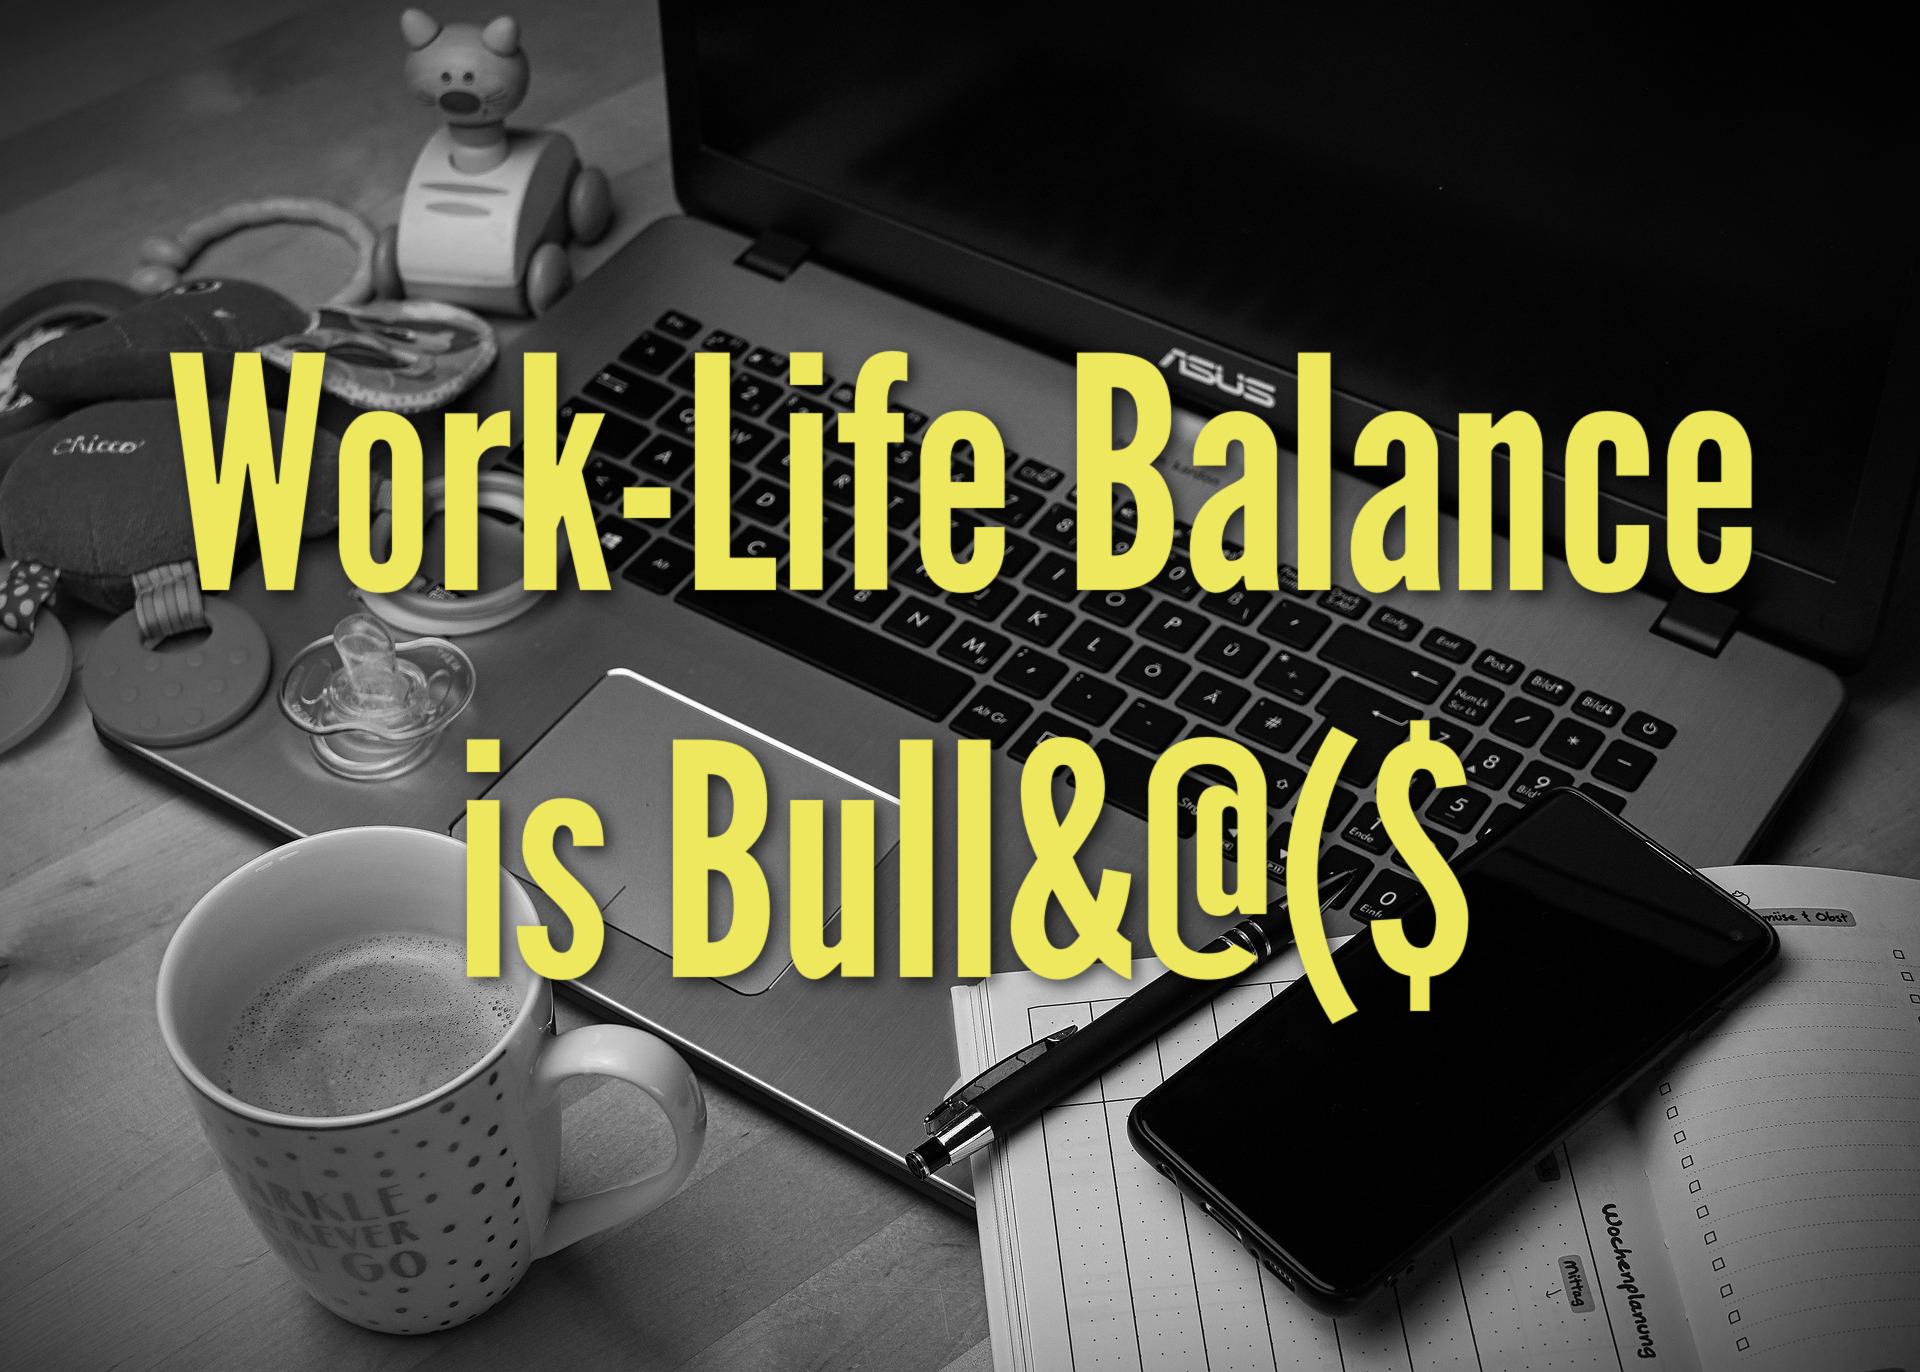 Work-Life Balance is Bull&@($
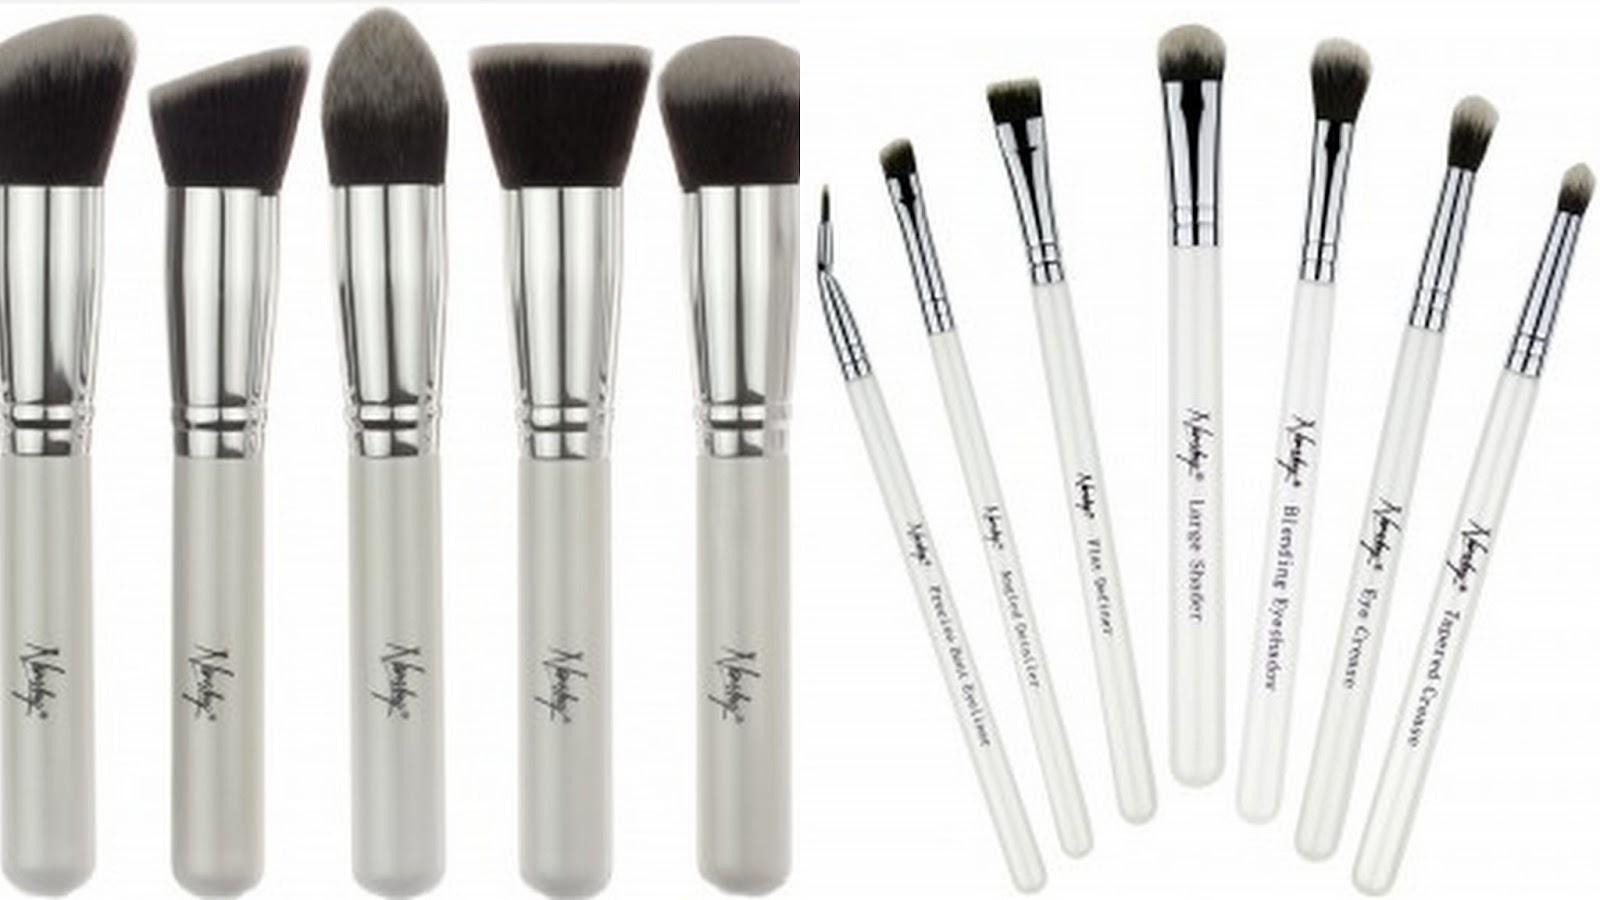 Nanshy Makeup Brushes
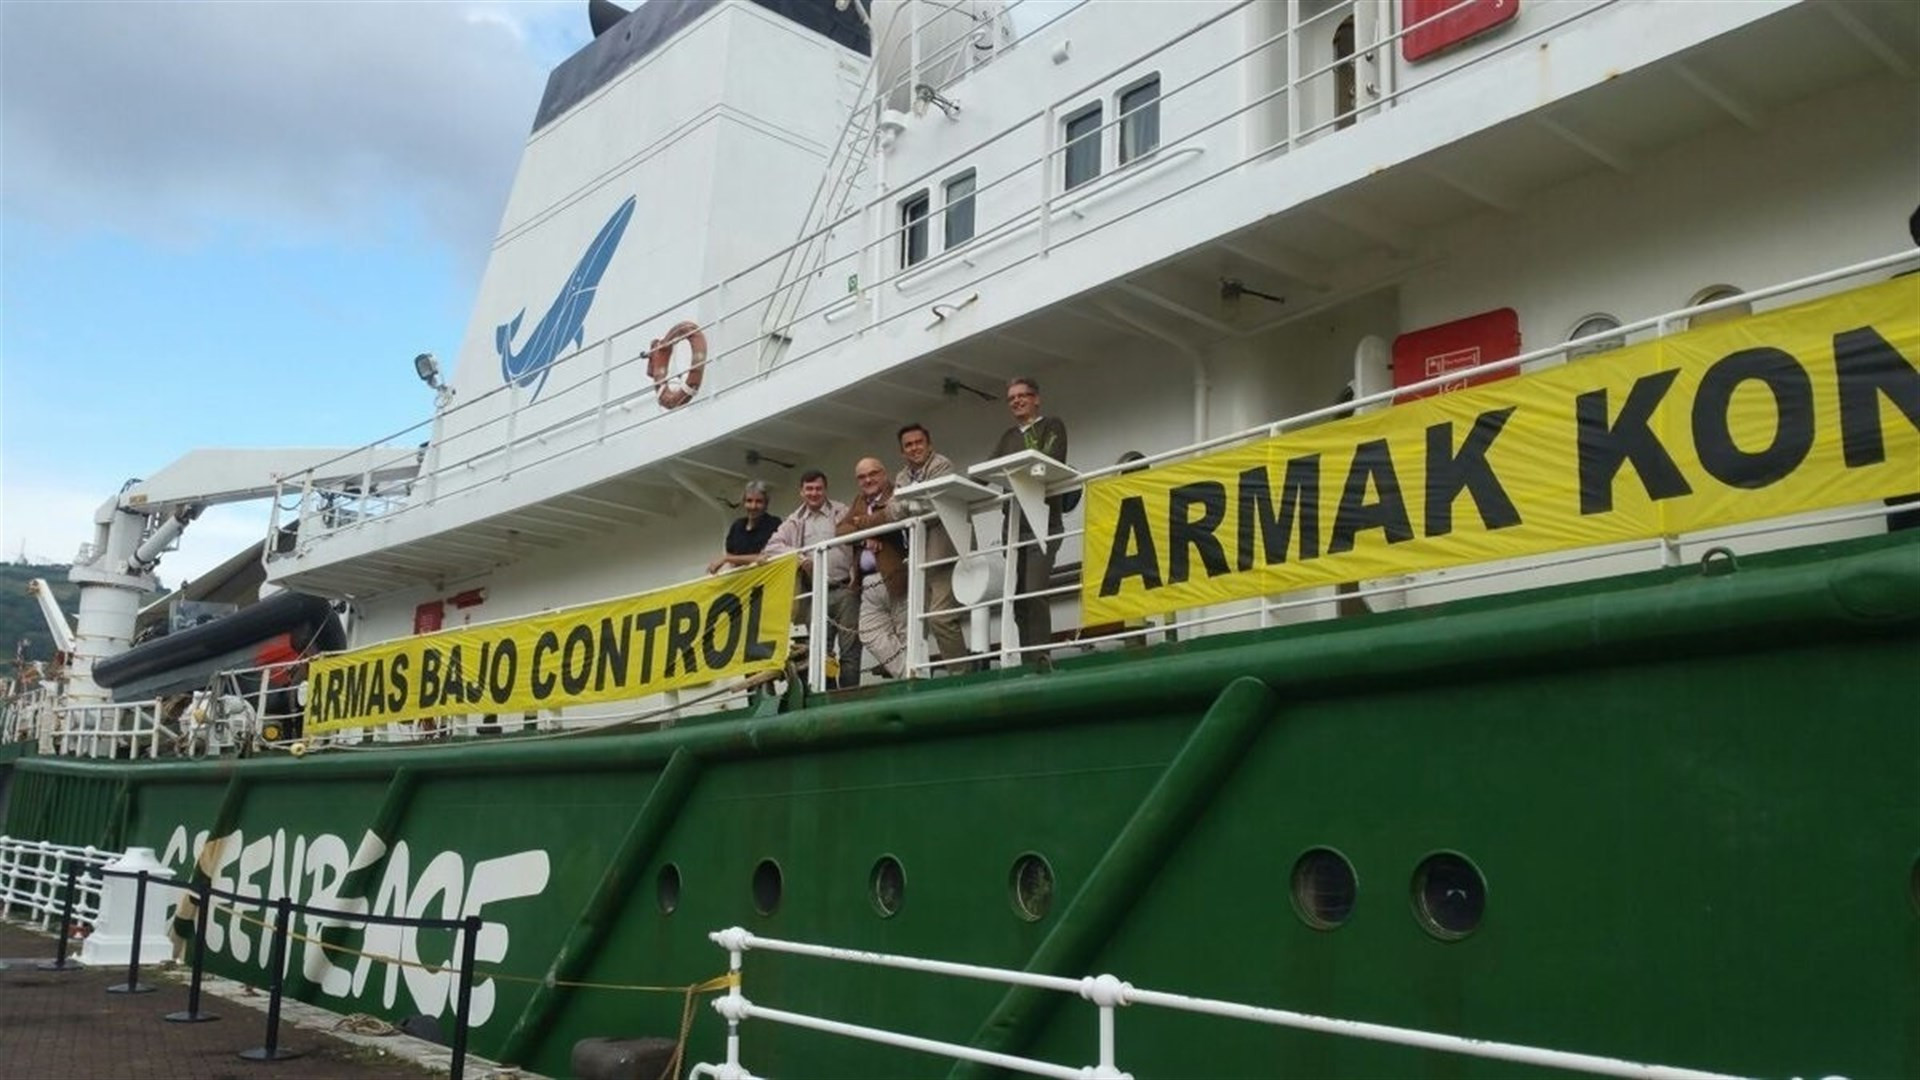 Barco Greenpeace campaa Armas bajo control

_Assignment_: Restate the material word for word; no picture should appear in the copy.

_Written response_:
 Work-Life Balance is Bull&@($
 Nanshy Makeup Brushes
 Barco Greenpeace campaa Armas bajo control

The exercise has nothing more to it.